Anders Leipzig: Für den SC DHfK geht ein Horrorjahr entsprechend zu Ende. Vor heimischer Kulisse unterlag man den Rhein-Neckar-Löwen mit 26:30 (16:15). Die Partie begann hektisch: In seiner ersten Auszeit wies der Leipziger Trainer Frank Carstens darauf hin, Angriffe länger auszuspielen. Auch ein Zeichen der Krise: Der SC DHfK spielte als Mittelfeldmannschaft über Jahre einen gepflegten Tempohandball, heute überwiegt die Unsicherheit. Nach zwölf Minuten hieß es bereits 8:3 für die Mannheimer. Doch die Messestädter robbten sich wieder ran und gingen sogar zur Halbzeit in Front. Danach zeigten die Sachsen wieder ihr anderes Gesicht: Die ersten zehn Minuten der zweiten Hälfte blieben sie ohne Treffer. Auch wenn im Kasten erst Domenico Ebner – dessen Abgang im Sommer zu Lemgo bereits beschlossene Sache ist – und in den Schlussminuten Tomáš Mrkva alles taten, um ihr Team im Spiel zu halten, warfen nervöse Leipziger den Mannheimer Keeper David Späth in den entscheidenden Minuten berühmt.

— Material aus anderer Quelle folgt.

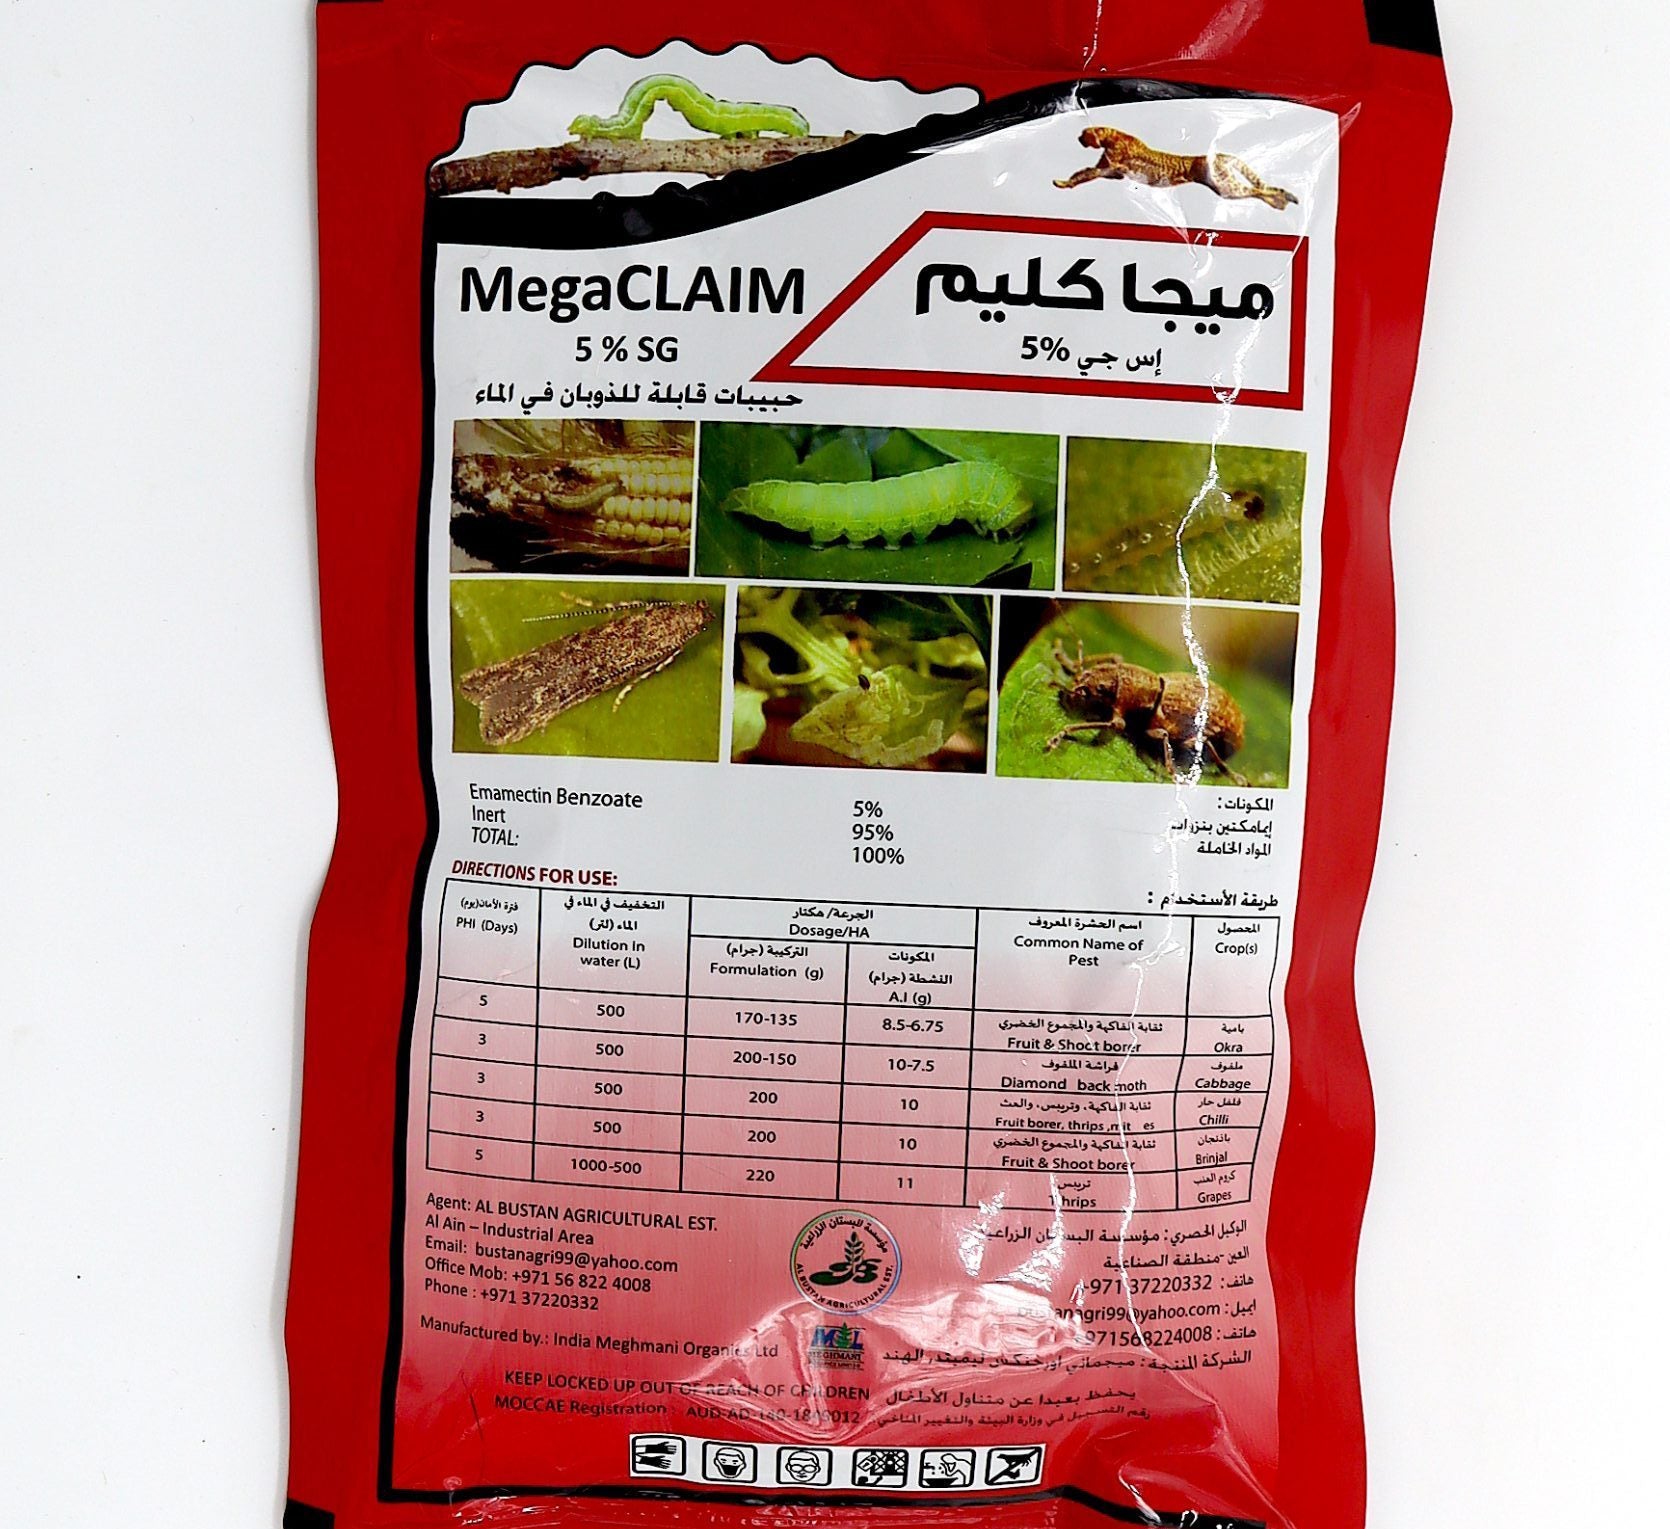 Mega CLAIM 5% SG “Agri Insecticide for Moths, Borer & Thrips”

Der SC DHfK ist mit nur fünf Punkten Schlusslicht, genauso viele, wie er nunmehr Rückstand auf den rettenden 16. Platz hat. Sollte die Klasse nicht gehalten werden, wird die Problemanalyse vor der Abstiegssaison beginnen müssen: Schon die Rückrunde der Spielzeit 24/25 war zum Abgewöhnen. Weil das Angebot verlockend war, hatte man im Winter den Halbrechten Viggó Kristjánsson nach Erlangen abgegeben. Im Sommer dann folgte die Entlassung von Trainer Rúnar Sigtryggsson, der heute Wetzlar coacht; damit hatte man auch Spielmacher und Trainersohn Andri Már Rúnarsson vergrault. Der sollte eigentlich Luca Witzke, den es nach Flensburg zog, beerben. Auch Rúnarsson spielt nunmehr in Erlangen.
Mitte November dann wurden Cheftrainer Raúl Alonso und Sportdirektor Bastian Roscheck nach einer schmerzhaften Auswärtspleite bei der direkten Konkurrenz in Minden beurlaubt. Carstens soll nun den Karren aus dem Dreck ziehen. Aber es scheint, als wäre die elfte Bundesligasaison nach dem Wiederaufstieg die vorerst letzte des SC DHfK Leipzig.
Und sonst? Meister Füchse Berlin demontierte daheim Göppingen mit 42:29 (17:17). In Berlin verdichten sich die Gerüchte um eine namhafte Neuverpflichtung: Der französische Nationalspieler Dika Mem soll von Barcelona an die Spree wechseln.